Auch die lokale oder systemische Applikation von ototoxischen Medikamenten kann zu einem kochleären Hörschaden führen (MOUNT et al. 1991; MANSFIELD 1990, MAIR 1979). So wurde z.B. für die experimentelle Ertaubung der Katzen in Gruppe 2 das zu den Aminoglykosiden zählende Antibiotikum Neomycin eingesetzt. Es schädigt in erster Linie die basal gelegenen Haarzellen durch Blockierung der Ionenkanäle in der Zellmembran und führt so zu einer anfänglichen Hochtonschwerhörigkeit, die sich später ausbreitet und zur vollständigen Taubheit führt.

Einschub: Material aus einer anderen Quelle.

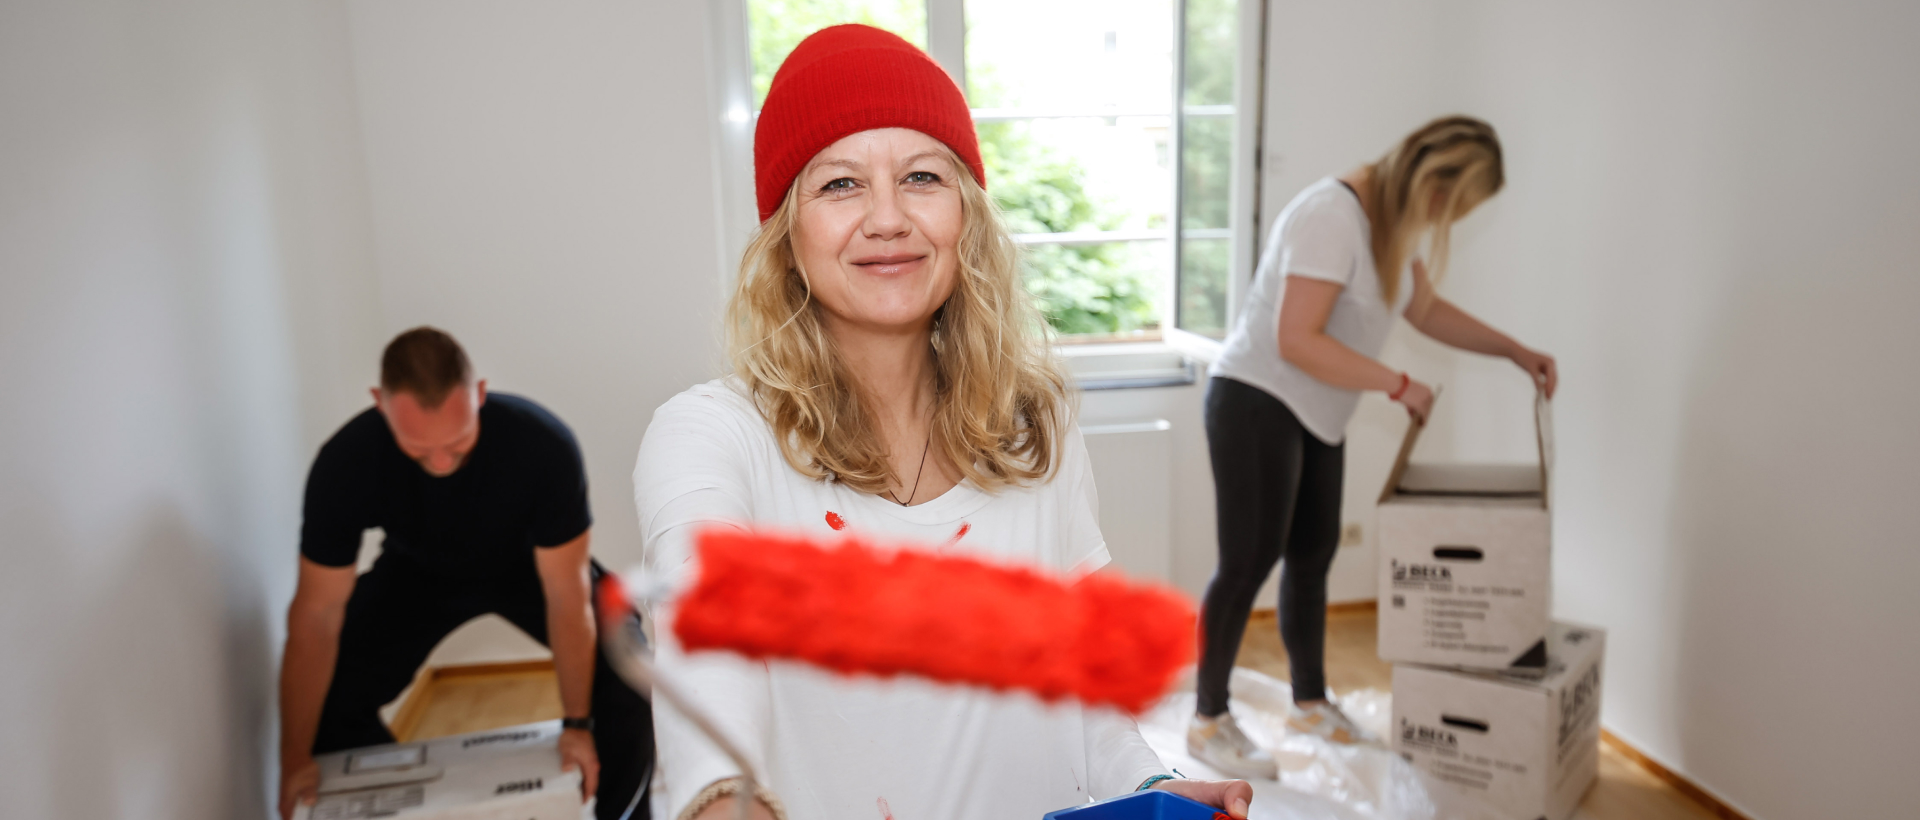 Lächelnde Frau mit roter Mütze hält eine Malerolle mit roter Farbe in die Kamera.

Bei klinischen Patienten kann bei älteren Tieren auch eine Altersschwerhörigkeit (Presbyakusis) Ursache für veränderte FAEP sein. Es kommt hierbei zur Degeneration der basalen Windung der Kochlea (Hochtonschwerhörigkeit) (MAIR 1979) sowie zur Atrophie des Spiralganglions (FAITH 1979). Auch eine Leitungsschwerhörigkeit durch eine Otitis externa/media oder altersbedingte Verknöcherung des Mittelohres sind möglich (ROSE 1977c).

Auch wenn mit der Messung der FAEP eine eindeutige Diagnose der Taubheit möglich ist, so ist deshalb zur Ermittlung der genauen Taubheitsursache eine ausführliche anamnestische Untersuchung der Katze notwendig.